TASK PROMPT: Please return the full listing word for word, leaving out any pictures.

DATASET SECTION section start

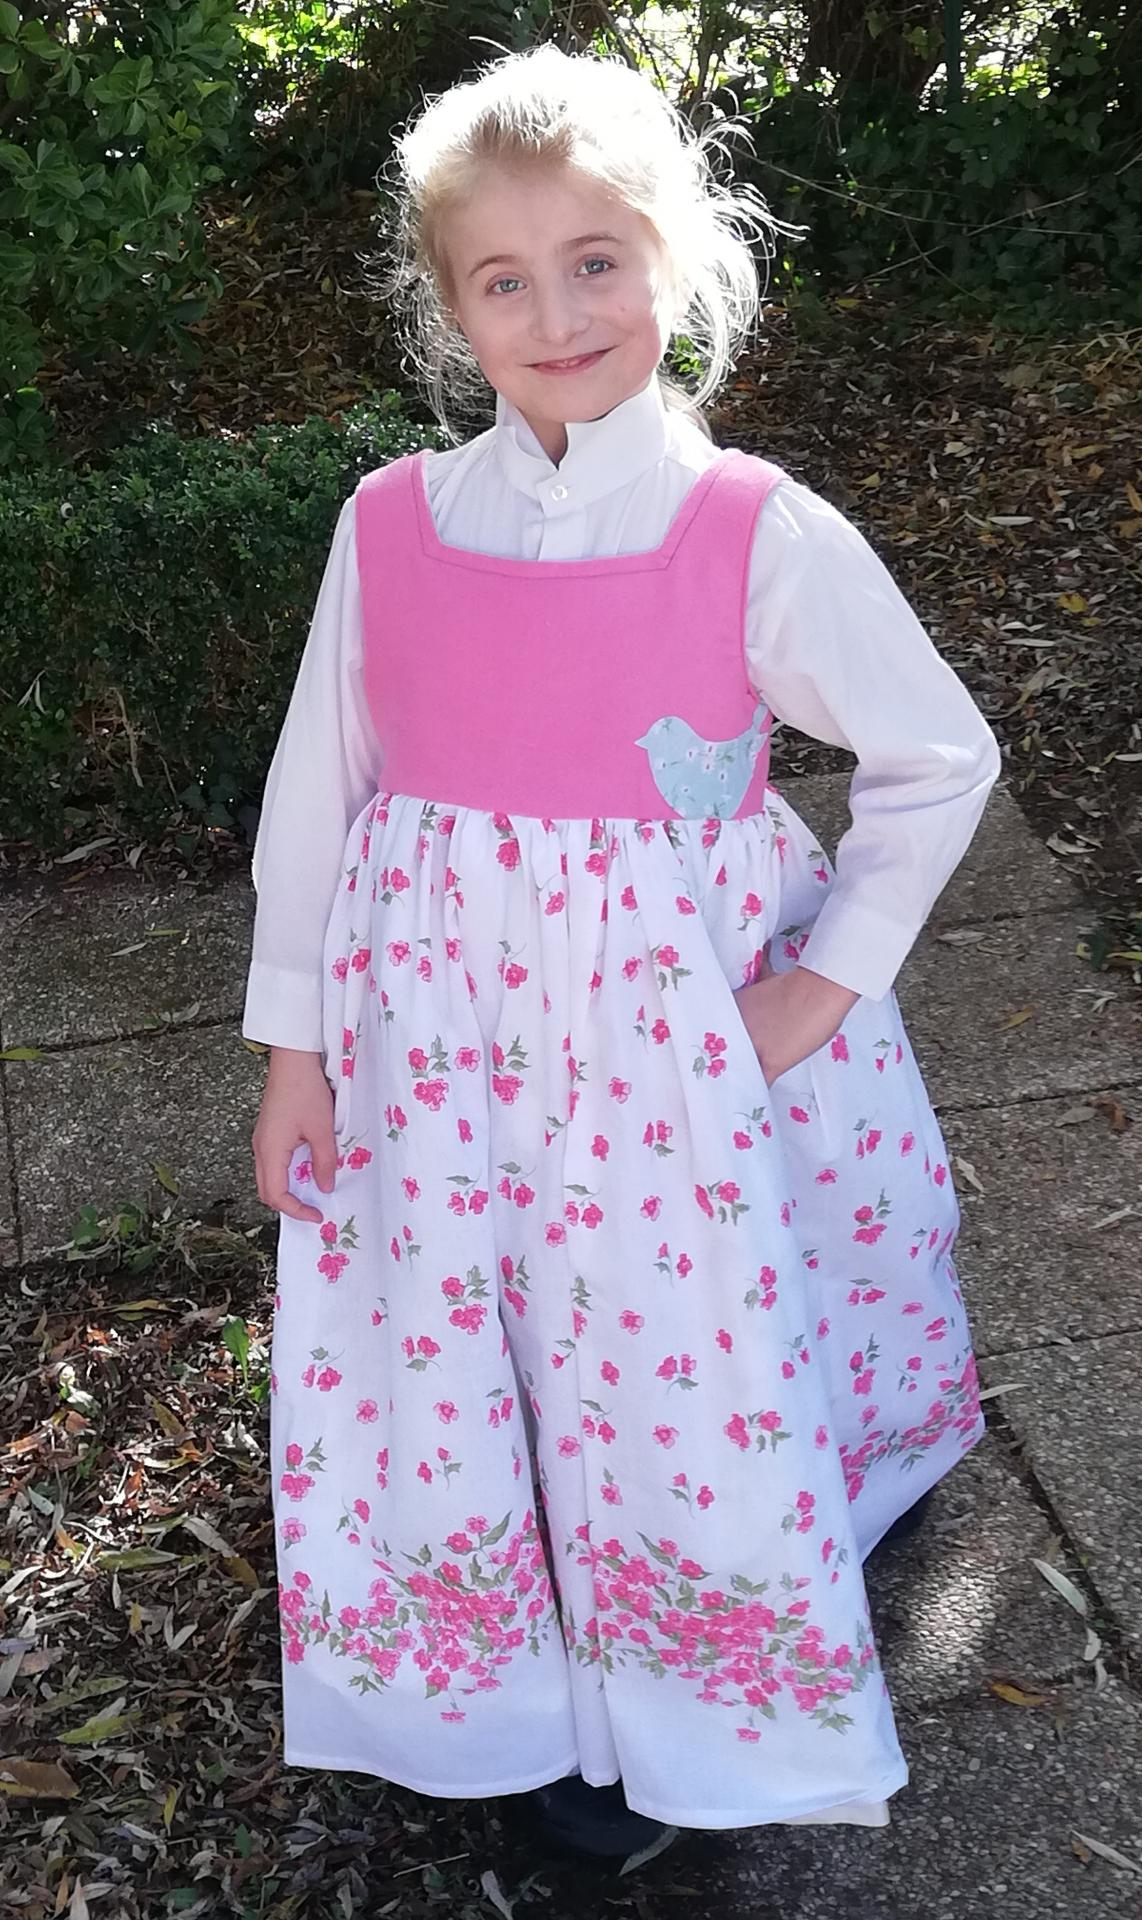 Robe de princesse reversible 7 8 ans fraise fifi au jardin pose 4
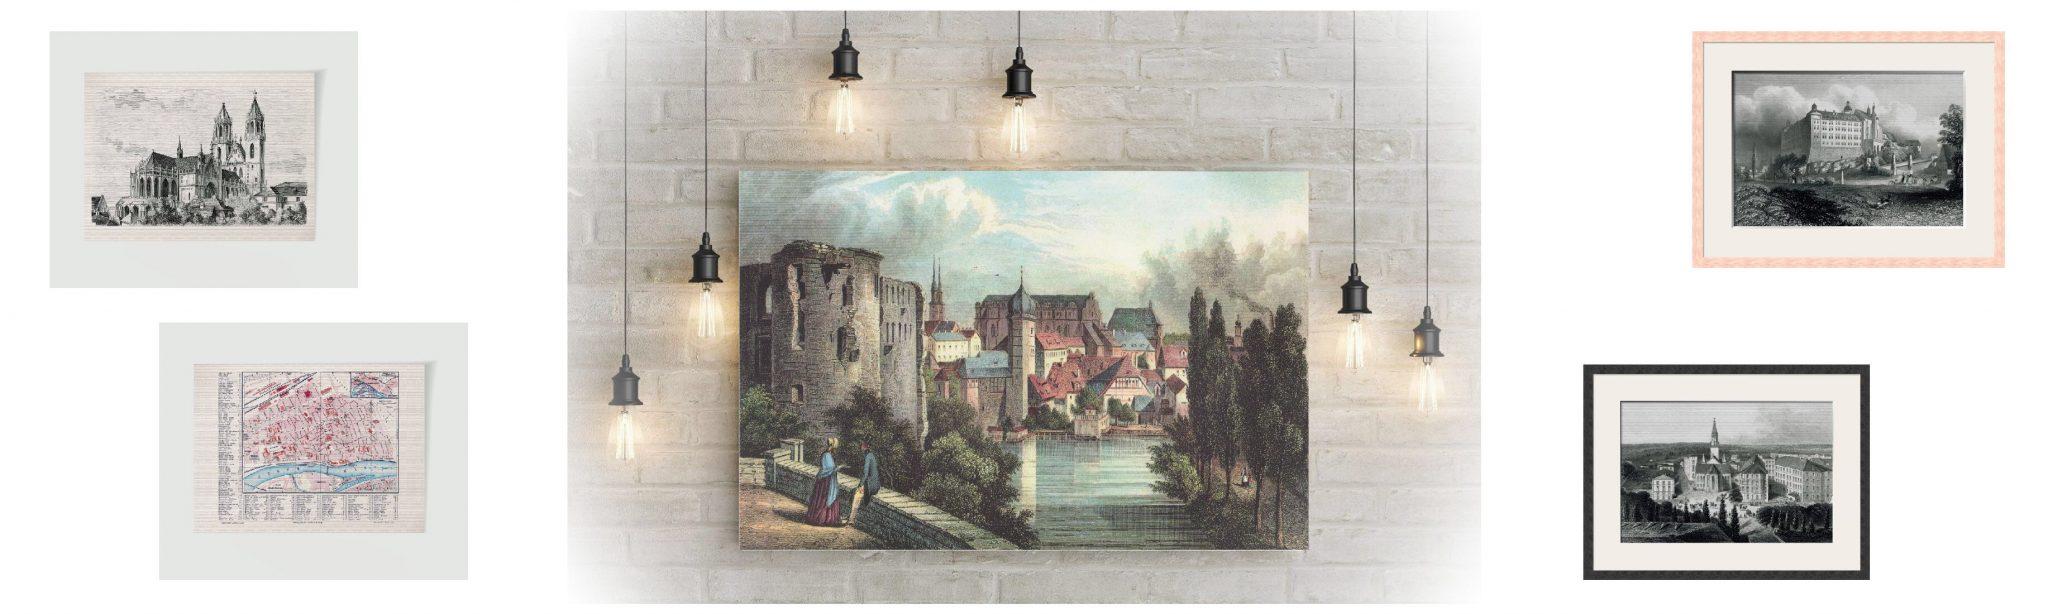 https://www.historienbilder.de/wp-content/uploads/2018/03/IMG_1911.jpg
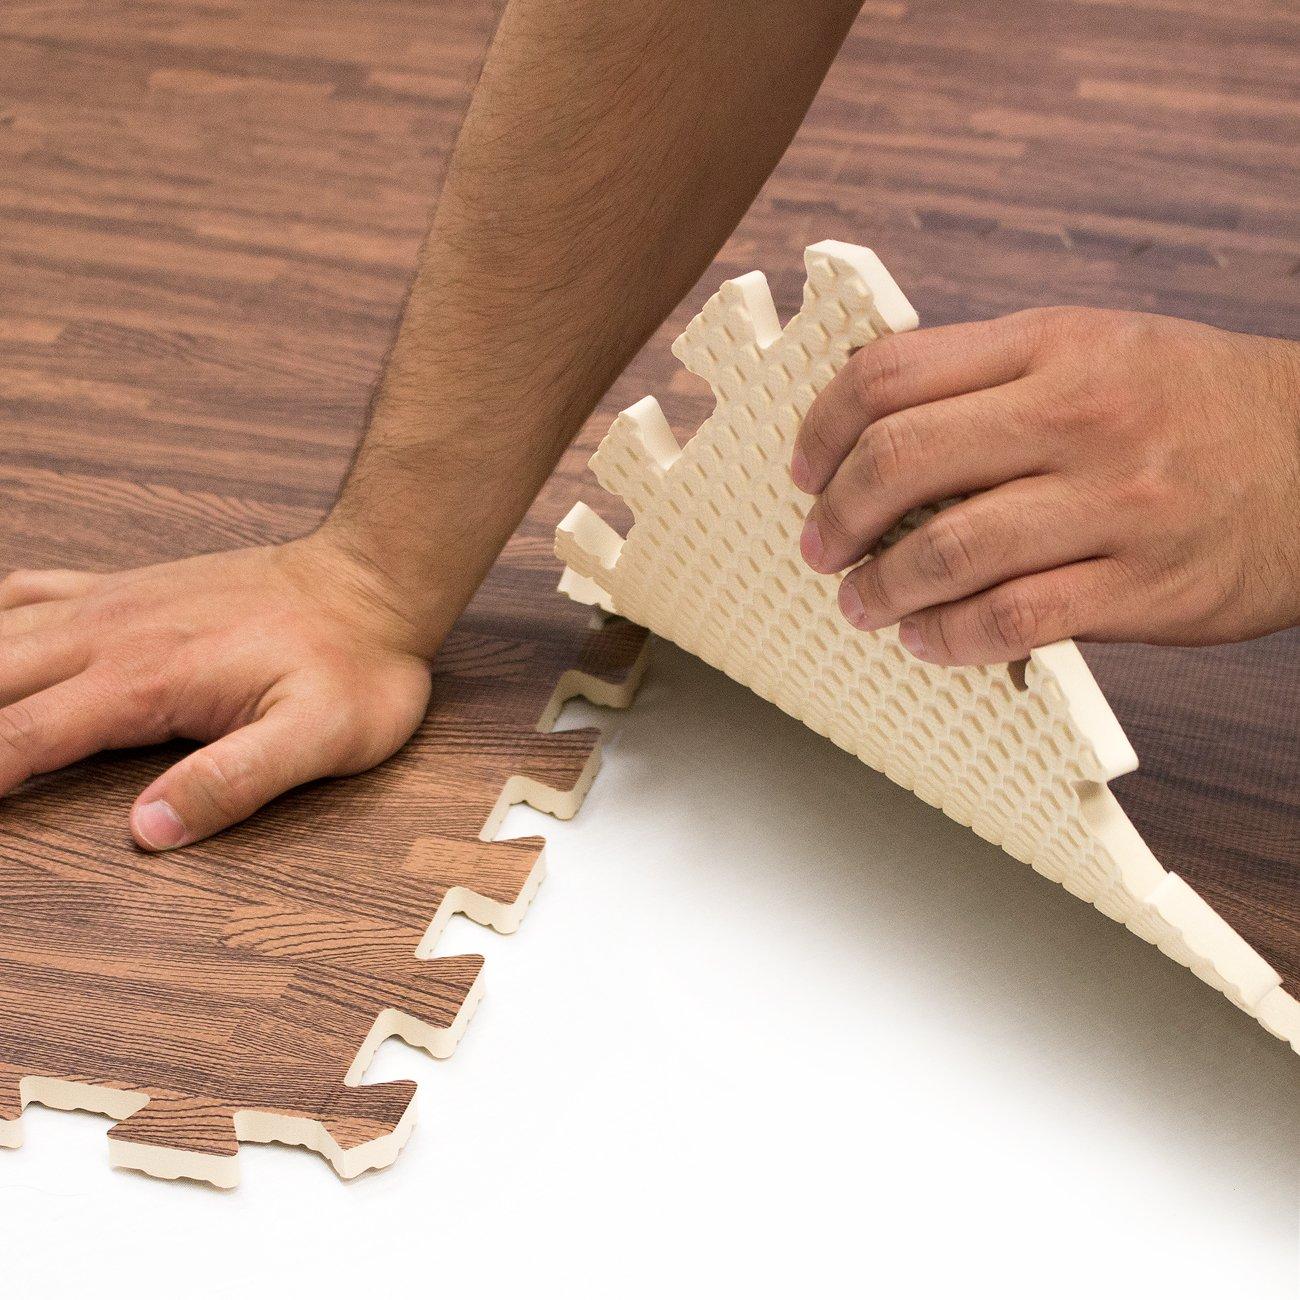 Sorbus Interlocking Floor Mat Print, Wood Grain - Dark (6-Piece) by Sorbus (Image #7)

DATASET SECTION section end

YOUR SOLUTION:
 Robe de princesse reversible 7 8 ans fraise fifi au jardin pose 4
 https://www.historienbilder.de/wp-content/uploads/2018/03/IMG_1911.jpg
 Sorbus Interlocking Floor Mat Print, Wood Grain - Dark (6-Piece) by Sorbus (Image #7)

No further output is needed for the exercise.